Original link: http://tecdat.cn/?p=22422 


In this paper, we describe a flexible competitive risk regression model. The regression model is designated as the transition probability, that is, the cumulative incidence in the competitive risk setting. The model includes the model of Fine and Gray (1999) as a special case. This can be used to test the fitting degree of the proportion hypothesis of sub distribution risk (Scheike and Zhang, 2008). Confidence intervals can also be constructed for the predicted cumulative incidence rate curves. We applied these methods to Pintilie's (2007) follicular cell lymphoma data, where the competitive risk is disease recurrence and death without recurrence.

Working example: follicular cell lymphoma study

We considered Pintilie's (2007) follicular cell lymphoma data. The data set consisted of 541 patients with follicular cell lymphoma (I or II) in the early stage of the disease and received radiotherapy alone (chemotherapy = 0) or a combination of radiotherapy and chemotherapy (chemotherapy = 1). Disease recurrence or unresponsiveness and remission death are two competing risks. The patient's age (age: mean = 57, sd=14) and hemoglobin level (hgb: mean = 138, sd=15) were also recorded. The median follow-up time was 5.5 years. First, we read the data, calculate the cause of death index and encode the covariates.

R> table(cause)
0 1 2
193 272 76
R> stage <- as.numeric(clinstg == 2)
R> chemo <- as.numeric(ch == "Y")
R> times1 <- sort(unique(time[cause == 1]))

There were 272 (no treatment response or recurrence) disease-related events, 76 competitive risk events (recurrence free deaths) and 193 deleted individuals. The event time is represented by dftime. The variable times1 gives the time of the event with the reason "1". We first estimated the nonparametric cumulative incidence rate curve.

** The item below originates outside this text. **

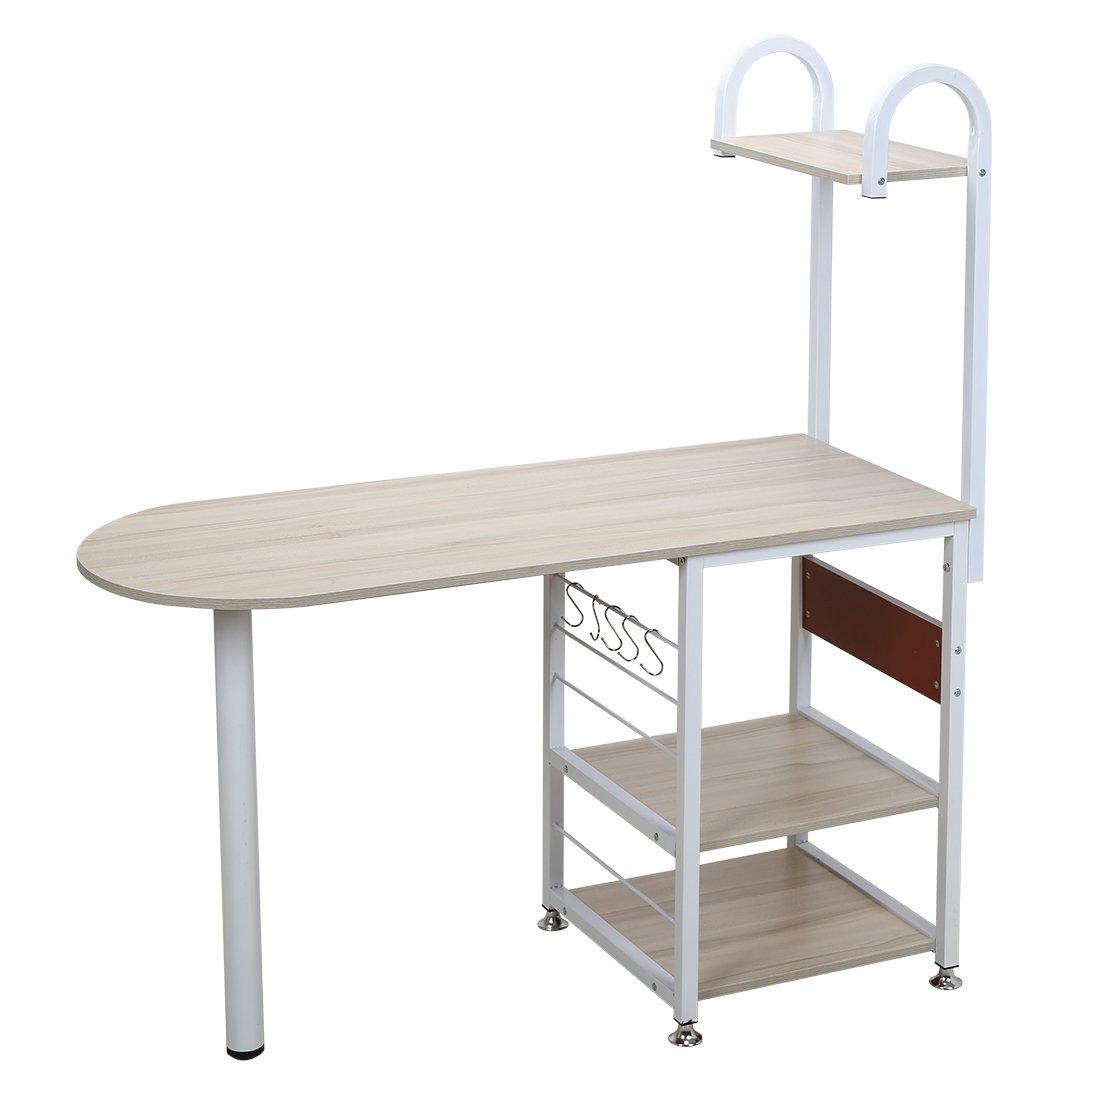 4 Tier Multipurpose Storage Shelf Bakers Rack, Metal Frame and Wooden Worktop for Kitchen by BestValue GO (Image #3)

We specify the event time and delete the variable cause == 0. The regression model contains only one intercept term (+ 1). The cause variable gives the reasons associated with different events. cause= 1 specifies that we consider events of type 1. The time of calculation / estimation can be given by the parameter times = times1.

Figure 1 (a) shows the cumulative incidence curve of the estimated two causes. In Figure 1 (b), we construct 95% confidence intervals (dashed lines) and 95% confidence bands.

risk(Surv(dftime, cause == 0) ~ + 1, 
causeS = 1, n.sim = 5000, cens.code = 0, model = "additive")

Figure 1

R> fit <- cum(time, cause, group)
R> plot(fit)


Both the sub distribution hazard method and the direct binomial model method are pruning weighting techniques based on inverse probability. The key to apply this weight is that the estimation of the weight reduction can not be biased, otherwise the estimation of cumulative incidence rate may be biased.

In this example, we found that the deletion distribution obviously depends on the covariates hemoglobin, stage and chemotherapy, and can be well described by Cox's regression model. The fitting of Cox model is verified by cumulative residuals. See Martinussen and Scheike (2006) for further details. Therefore, using simple Kaplan Meier estimation for the elimination weight may lead to serious deviation estimation. Therefore, we added cENS. Net to the call Model = "Cox", which uses all covariates of the competitive risk model in the Cox model as the elimination weight. In general, the regression model of inverse probability pruning weight can be used to improve efficiency (Scheike et al., 2008).

Now let's fit the model


We first fit a general scale model that allows all covariates to have time-varying effects. In the following call, only the covariate x in model (6) is defined. The covariant z in model (6) is specified by a const operator.

Competing risks Model
Test for nonparametric terms
Test for non-significant effects
Supremum-test of significance p-value H_0: B(t)=0
(Intercept) 3.29 0.0150
stage 5.08 0.0000
age 4.12 0.0002
chemo 2.79 0.0558
hgb 1.16 0.8890
Test for time invariant effects
Kolmogorov-Smirnov test p-value H_0:constant effect
(Intercept) 8.6200 0.0100
stage 1.0400 0.0682
age 0.0900 0.0068
chemo 1.7200 0.0004
hgb 0.0127 0.5040
Cramer von Mises test p-value H_0:constant effect
(Intercept) 3.69e+01 0.0170
stage 2.52e+00 0.0010
age 4.26e-03 0.0014
chemo 1.50e+00 0.0900
hgb 2.64e-04 0.4220

The significance test based on nonparametric test showed that in the nonparametric model, stage and age were significant, chemotherapy was significant (p = 0.056), and hemoglobin was not significant (p = 0.889).

Figure 2

Plot estimated regression coefficients α j (t) and its 95% confidence band, and draw the observation test process of constant effect and the simulation test process under null value respectively.

R> plot(outf, score = 1)

Figure 2 shows that these effects do not change with time, and the effects are quite obvious in the early time period. 95% directional confidence interval and 95% confidence interval.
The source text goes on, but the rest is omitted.